Congenital lung abnormalities are rare but important causes of respiratory distress in the newborn (4). In many cases infants are initially asymptomatic, with respiratory distress developing over time. Careful review of the chest x-ray should reveal these lesions. Congenital diaphragmatic hernia is a relatively common birth defect, but due to its frequent association with significant pulmonary hypoplasia and significant pulmonary hypertension, it almost always presents shortly after birth. Congenital cystic adenomatoid malformations (CCAM) are extremely rare lung abnormalities composed of cystic lung tissue with communication to the bronchial tree. Medical imaging will help to differentiate this lesion from a congenital diaphragmatic hernia. Pulmonary sequestration is a rare condition characterized by nonfunctioning primitive lung tissue that does not communicate with the tracheobronchial tree, and receives vascular supply from the systemic circulation (thoracic or abdominal aorta). Sequestrations may occasionally present in the neonatal period with signs of congestive heart failure due to the "run-off" circulation, but more commonly present later in life with recurrent infections. Congenital lobar emphysema (CLE) is an overinflated, hyperplastic area of the lung surrounded by otherwise normal lung tissue. These are most common in the upper lobes. Symptoms are progressive, but rarely present at birth. Surgical excision is usually curative, although overinflation of remaining lung areas can occur.

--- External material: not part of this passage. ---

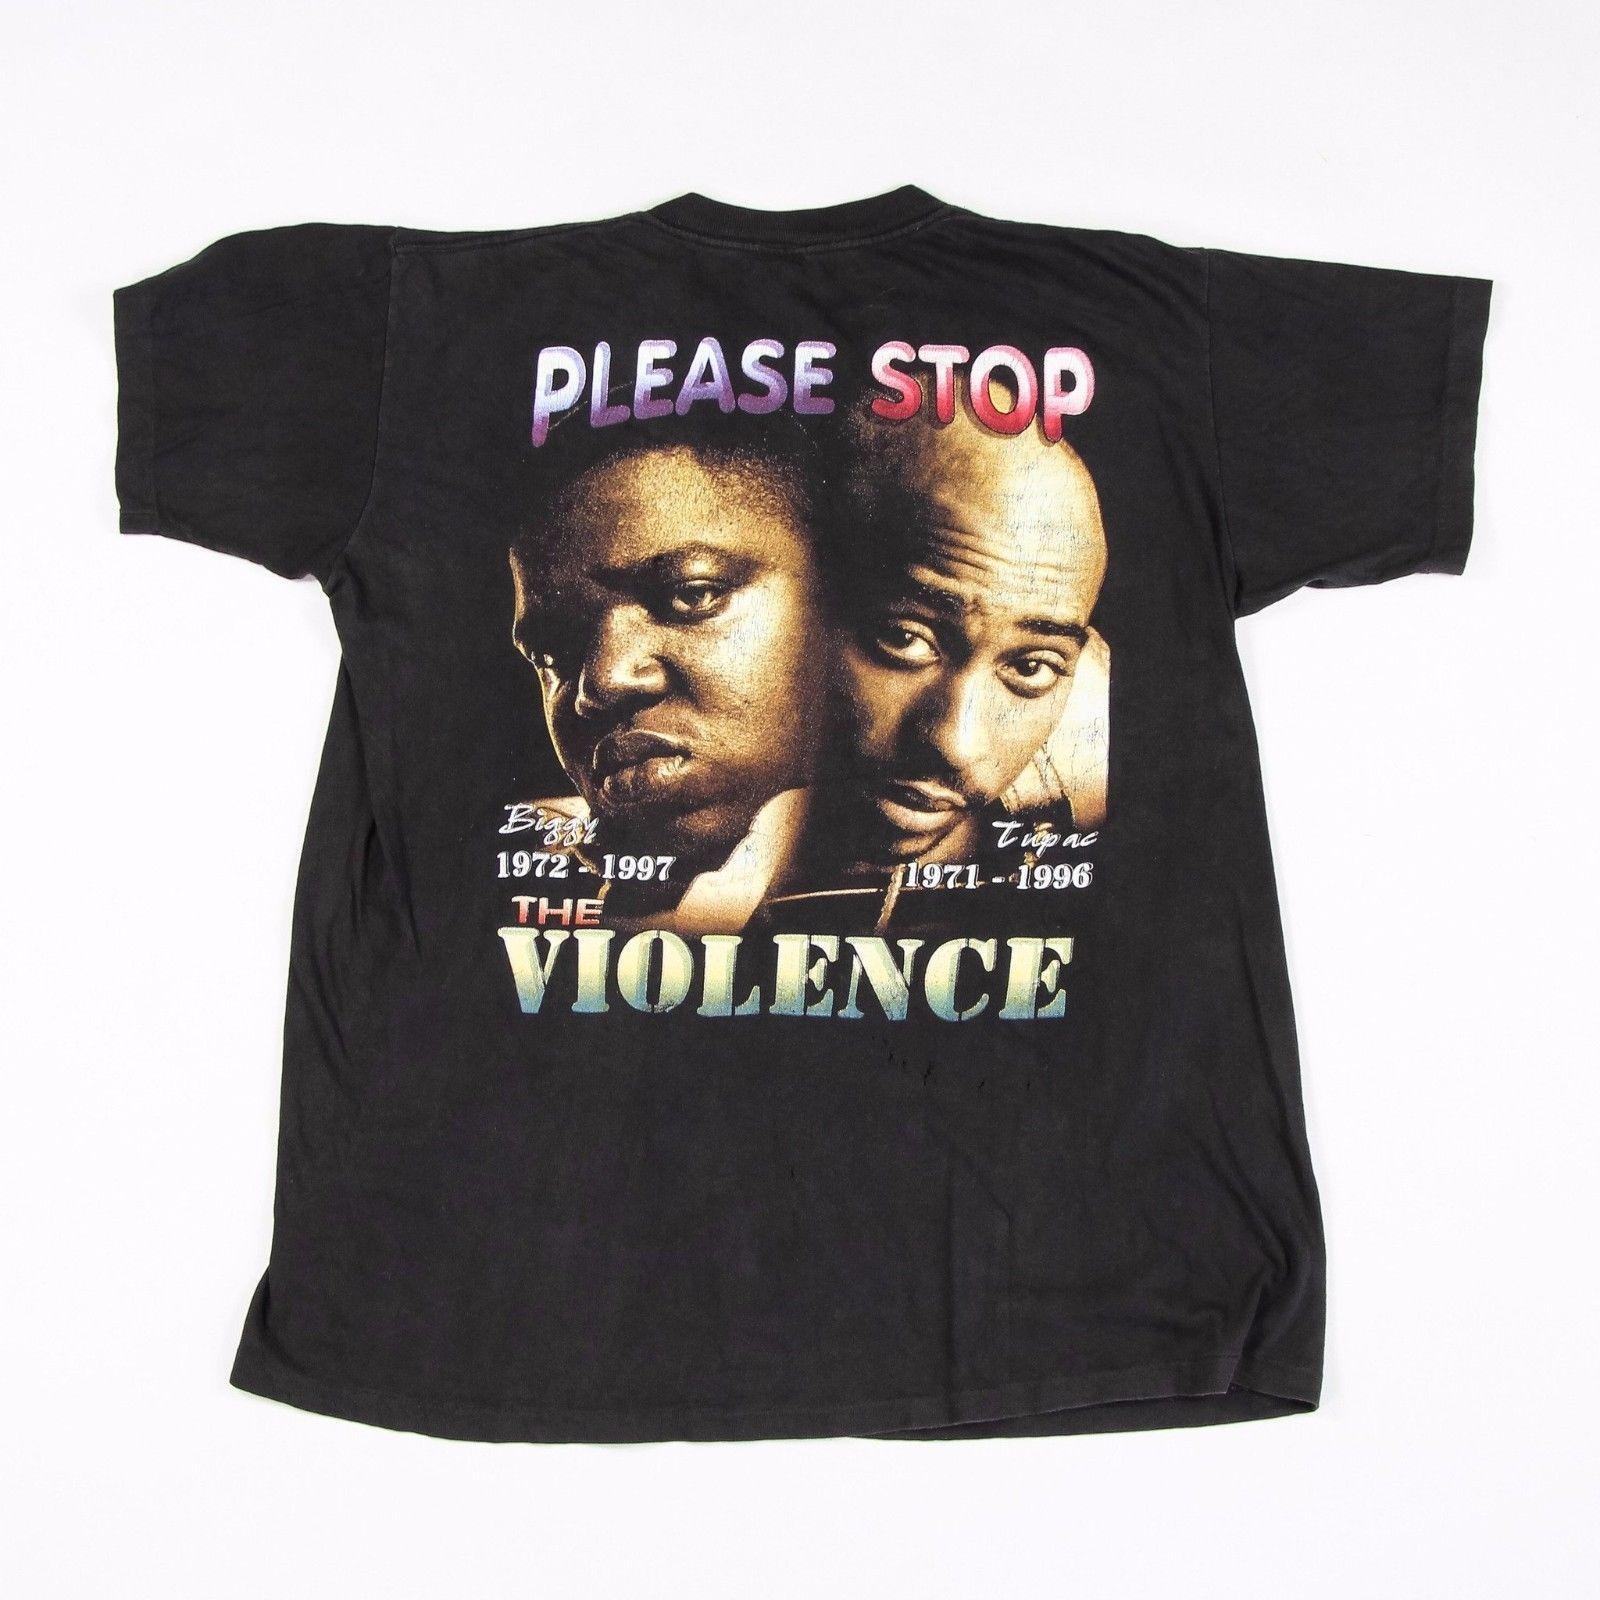 2pac t shirt ebay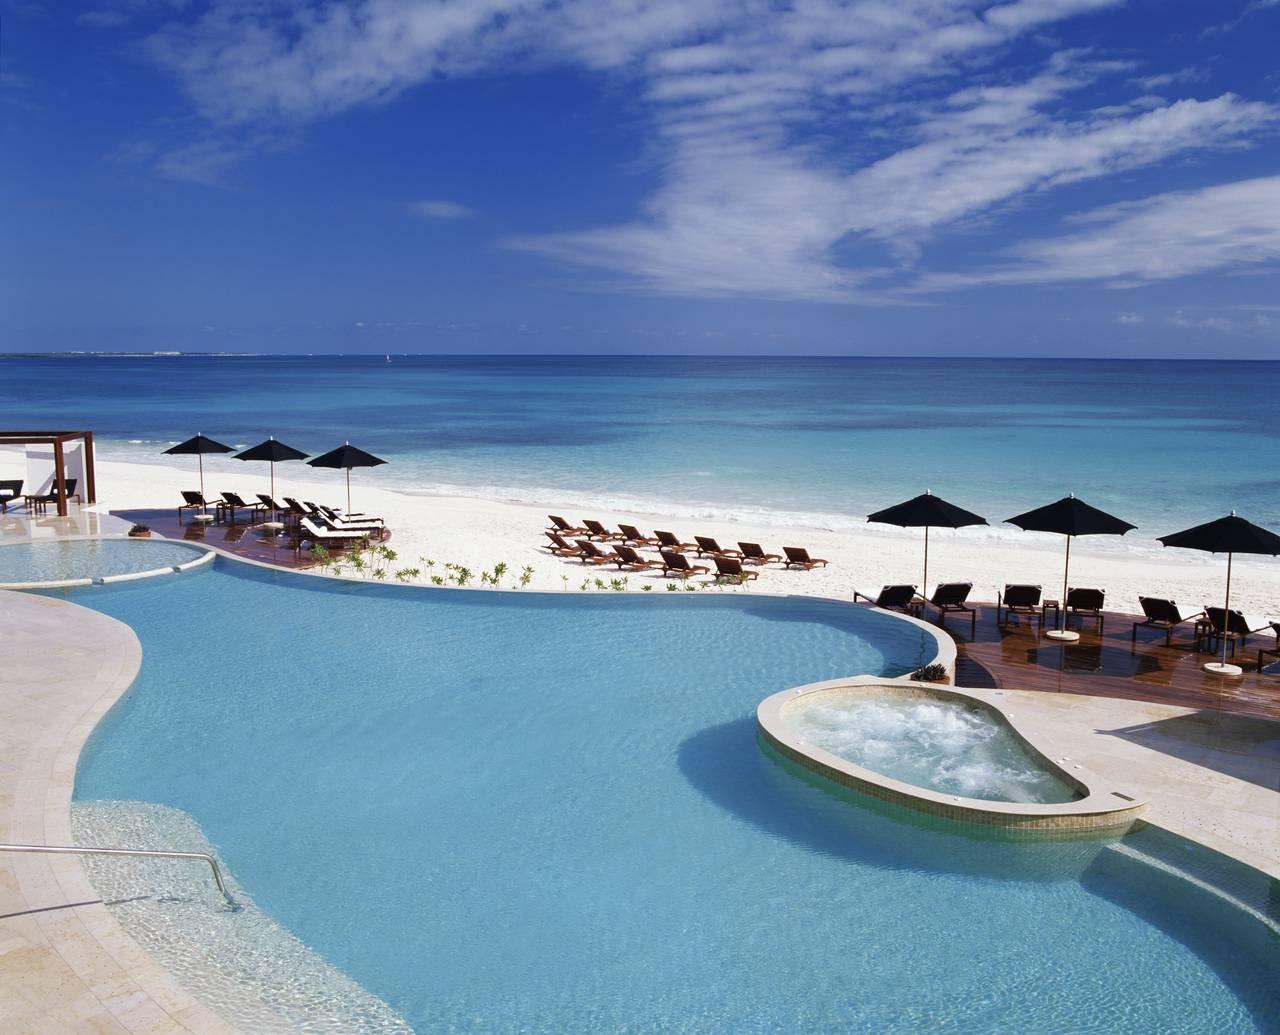 Rosewood Mayakoba Pool View : Photo © Mayakoba Resorts

It is important to remember that respiratory failure and cyanosis may occur secondary to other organ system dysfunction. For instance, birth injury associated with neurological depression or hypoxic-ischemic encephalopathy (HIE) is commonly associated with hypoventilation. Phrenic nerve injury may cause diaphragmatic paresis. In addition, excessive oral secretions and inadequate swallowing may obstruct the airway and cause respiratory distress. Hypoglycemia may cause central nervous system depression and secondary respiratory distress; this is most commonly seen in small for gestational age (SGA) infants, large for gestational age (LGA) infants, infants of diabetic mothers, birth asphyxia, or in rare cases due to primary hyperinsulinism (e.g. nesidioblastosis or Beckwith-Wiedemann syndrome.) Abdominal distension may compress the thorax and interfere with normal respiration. This may be seen as a result of gastrointestinal pathology (obstruction) or large intra-abdominal mass effect (renal/genitourinary masses, severe ascites). Finally, later preterm or even term infants may present with apneic episodes as a cause of cyanosis.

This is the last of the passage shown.